Dzisiaj, może i trochę ze smutkiem możemy zaobserwować, że zdecydowana większość tych aut nigdy nie zobaczy nieutwardzonej drogi. Najczęściej spotykamy je na parkingach pod galeriami handlowymi czy przy deptakach.
Mercedesa Klasy G kupowany jest często nie ze względu na jego możliwości, a dlatego że po prostu się podoba i jest drogi. Można nim pokazać swój status.
Już wkrótce pojawi się zupełna nowość w gamie Klasy G. Oczekujemy bowiem na premierę pierwszej w pełni elektrycznej wersji, która będzie nosiła oznaczenie EQG.

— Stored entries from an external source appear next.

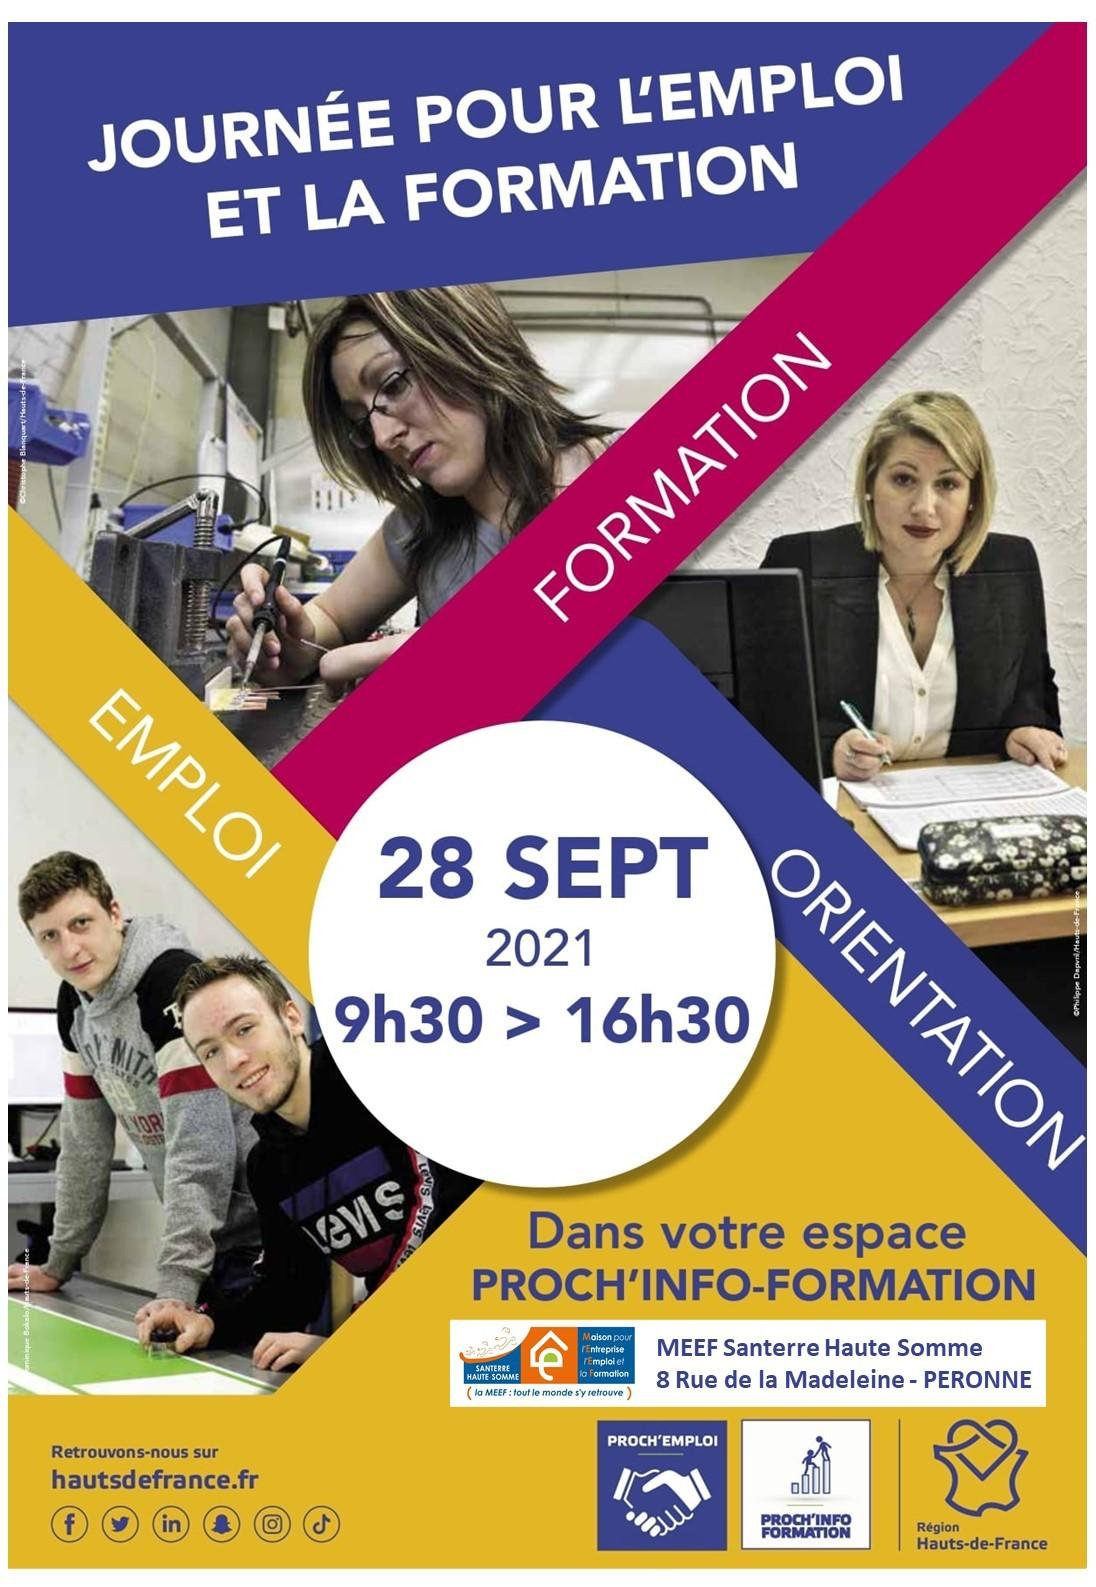 Journée pour l'emploi et la formation à Péronne 28 septembre 2021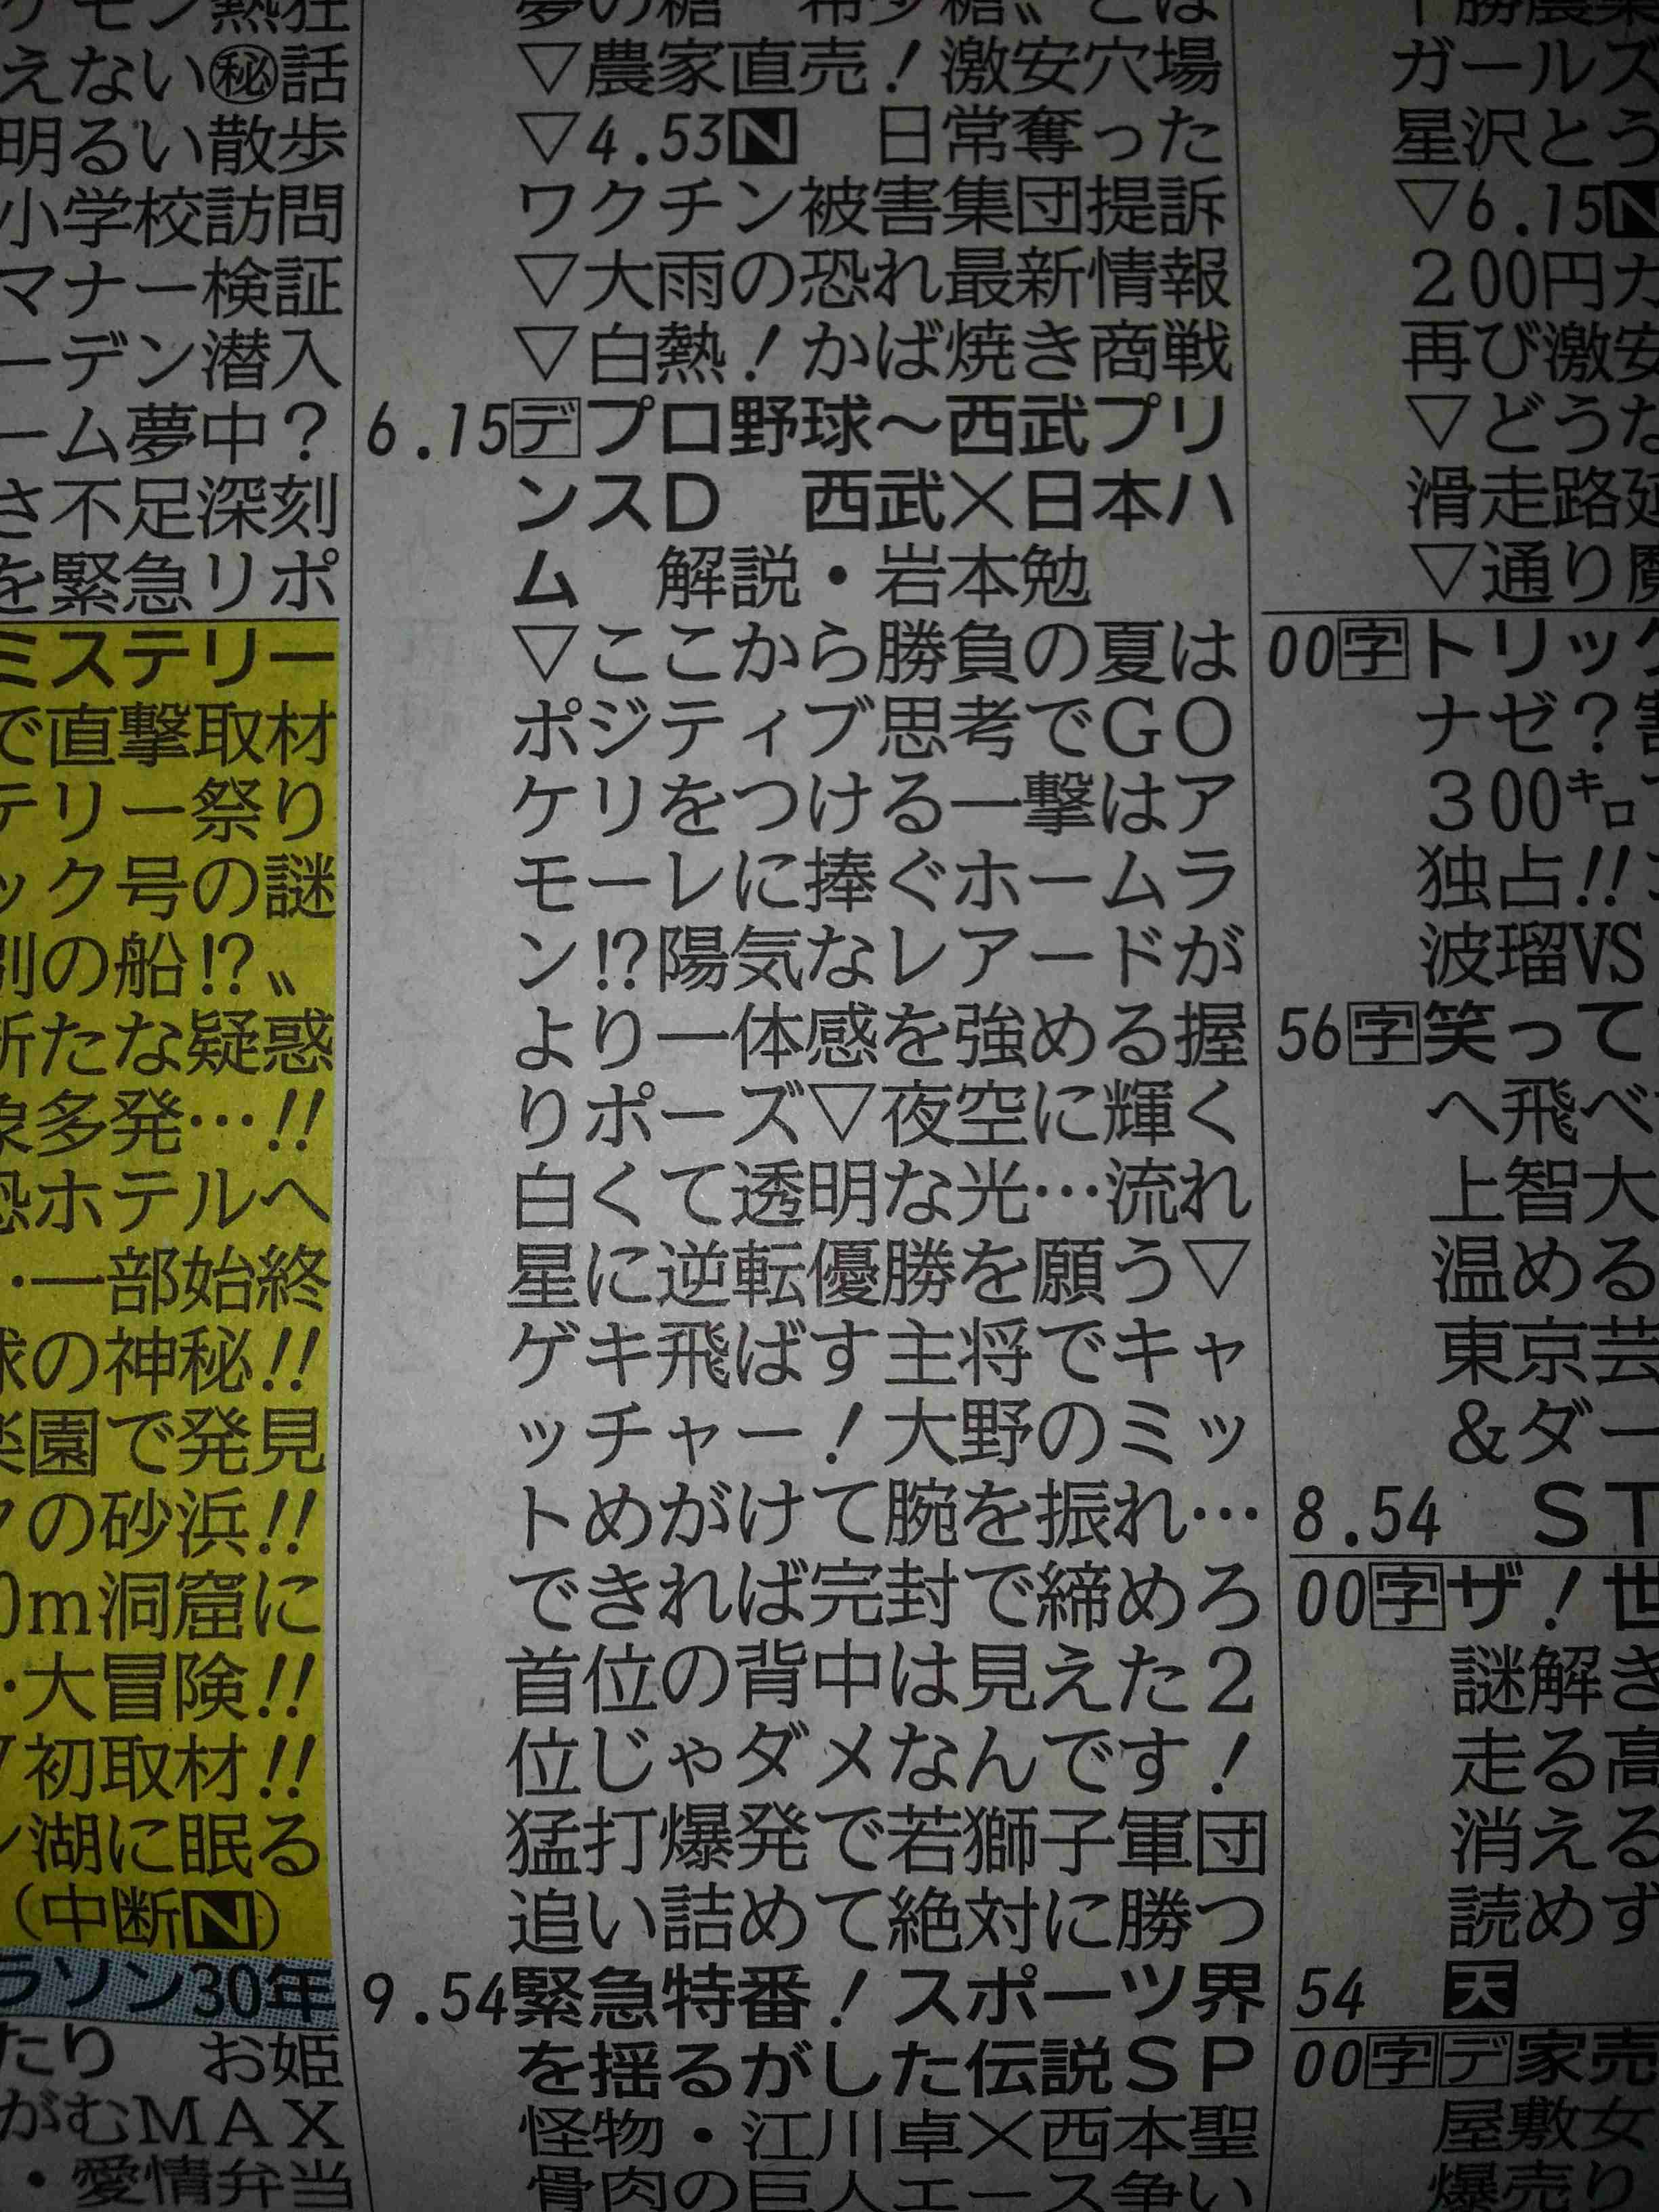 番組表などの【縦読み】を貼るトピ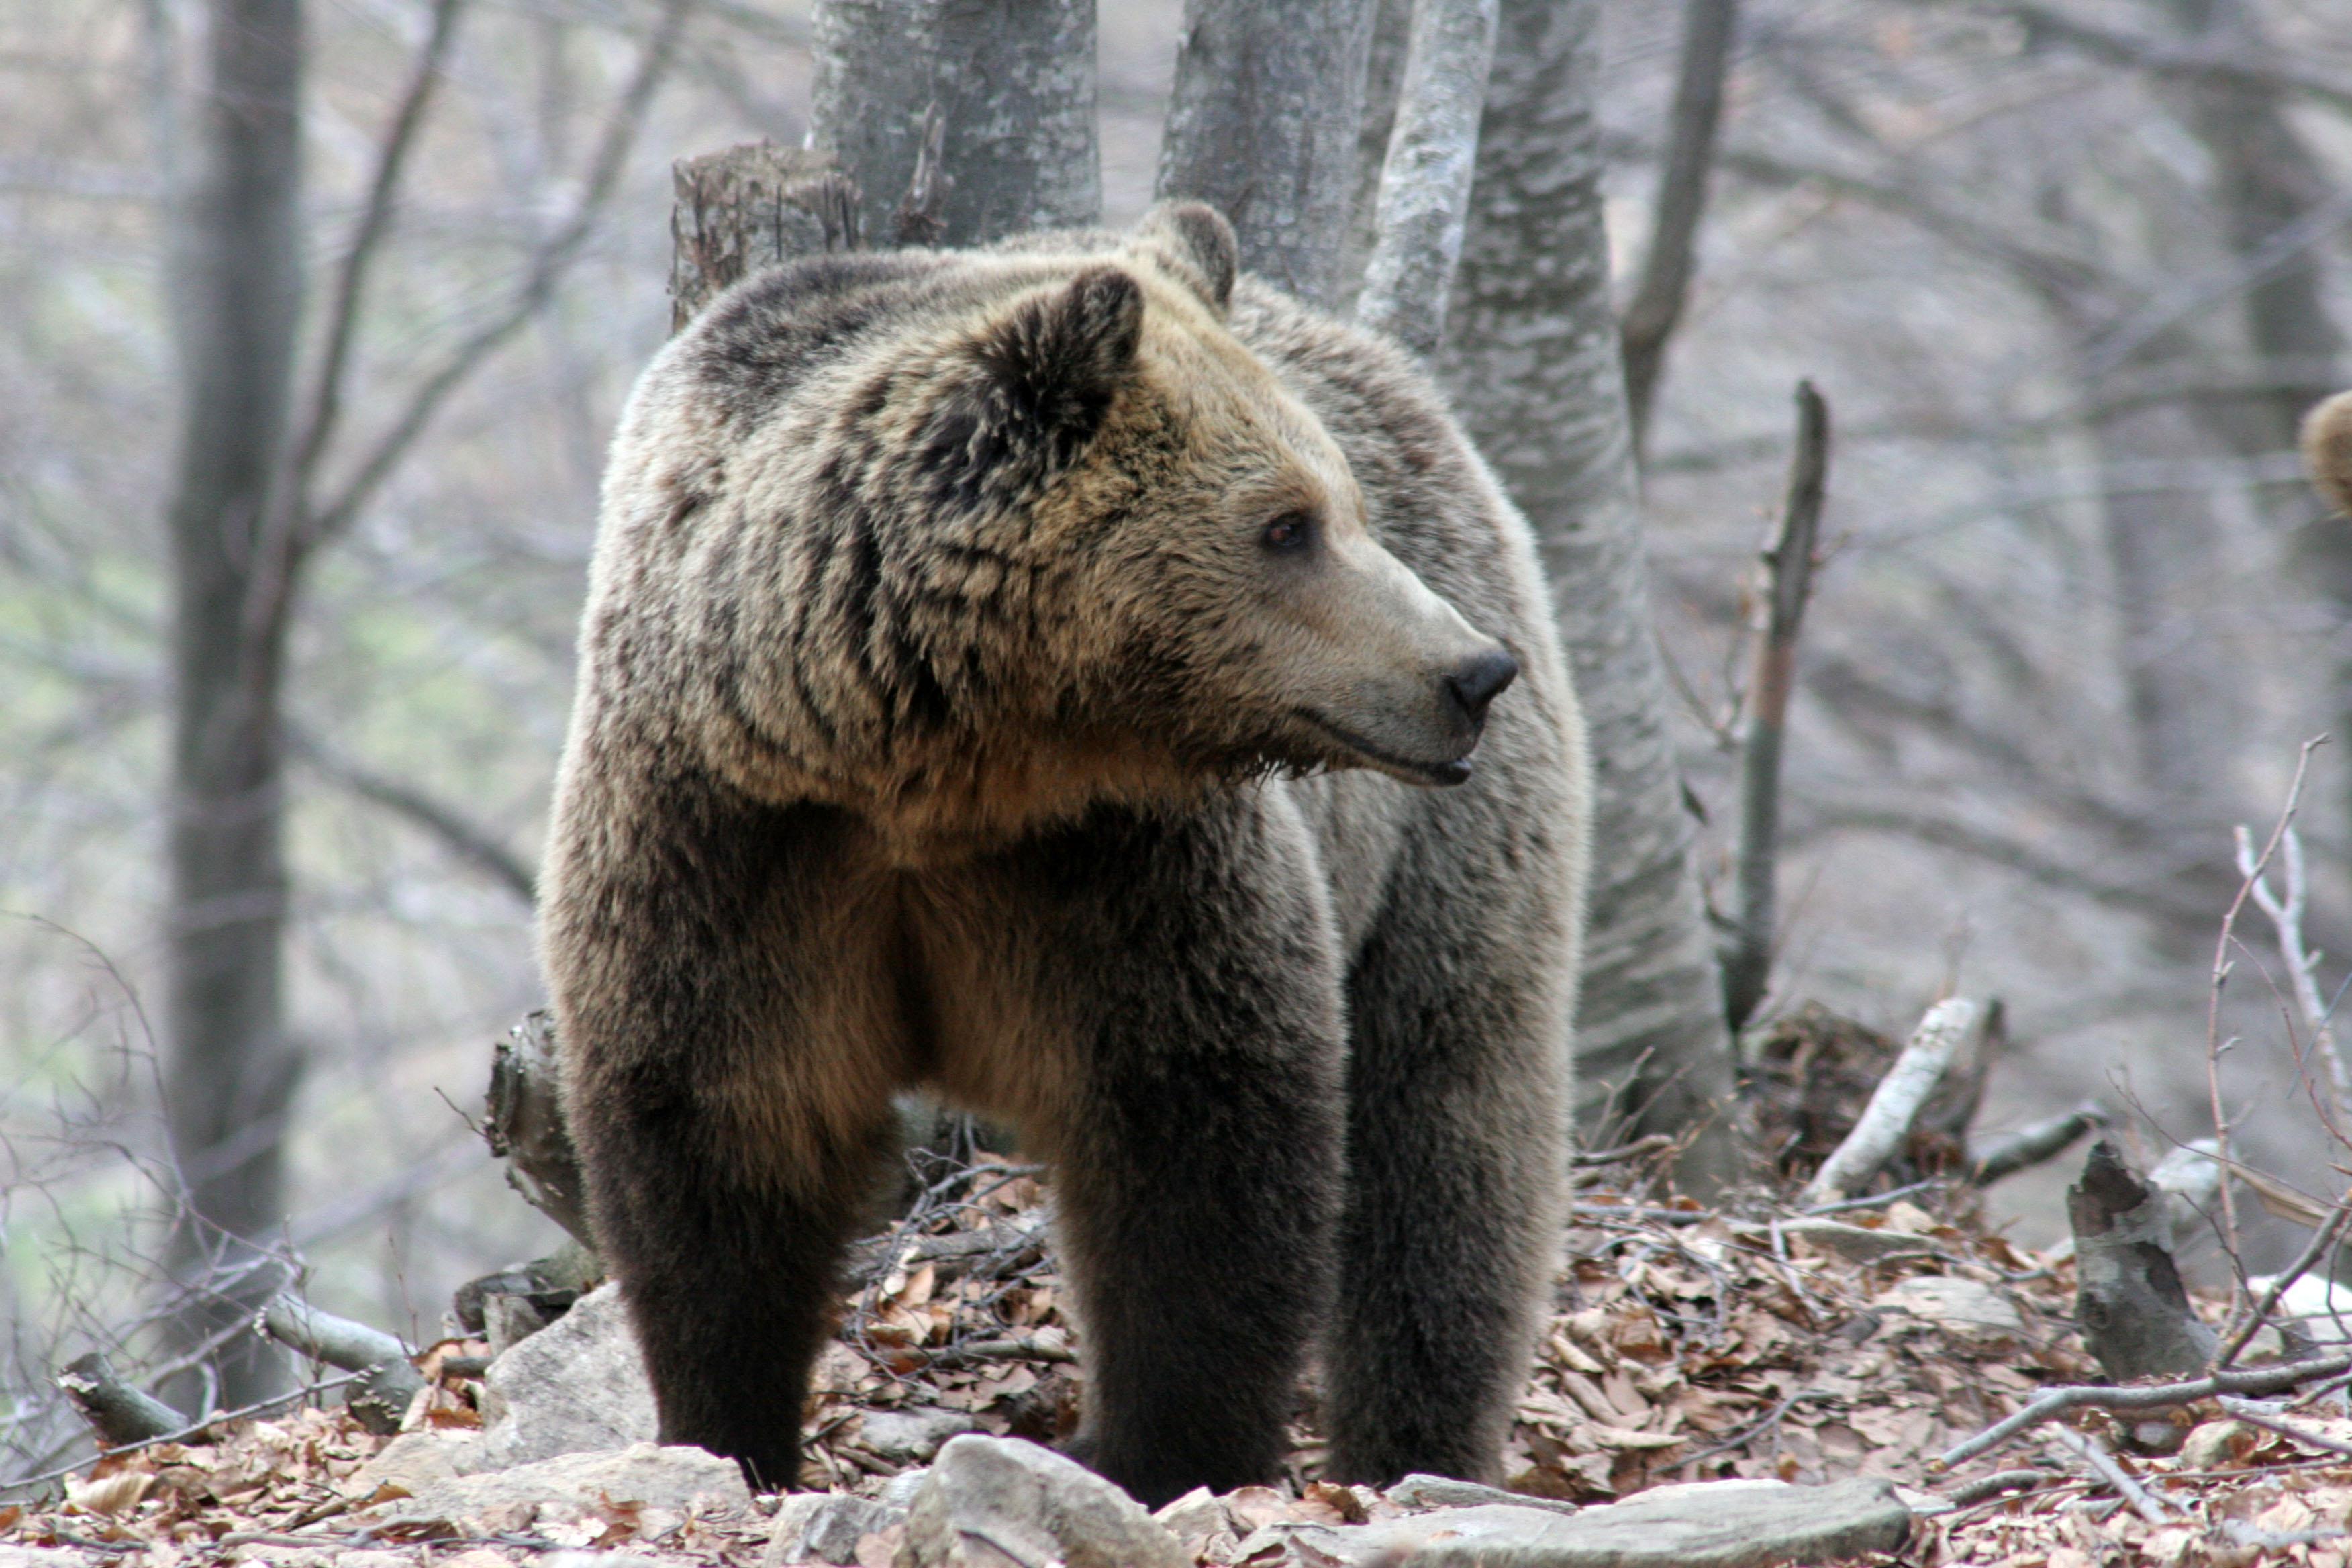 Φλώρινα: Αρκούδα νεκρή στο Βροντερό Φλώρινας | tovima.gr

Najmocniejszą obecnie oferowaną odmianą jest Mercedes-AMG G 63. Pod jego maską pracuje 4.0 litrowy silnik V8 o mocy 585 koni mechanicznych. Za taki wóz trzeba zapłacić co najmniej 975 600 złotych.
Droższa jest jedynie jeszcze bardziej hardkorowa wersja 4×4². Cena auto ze zwiększonym prześwitem i ogromnymi oponami startuje w polskich salonach od 1 566 200 złotych.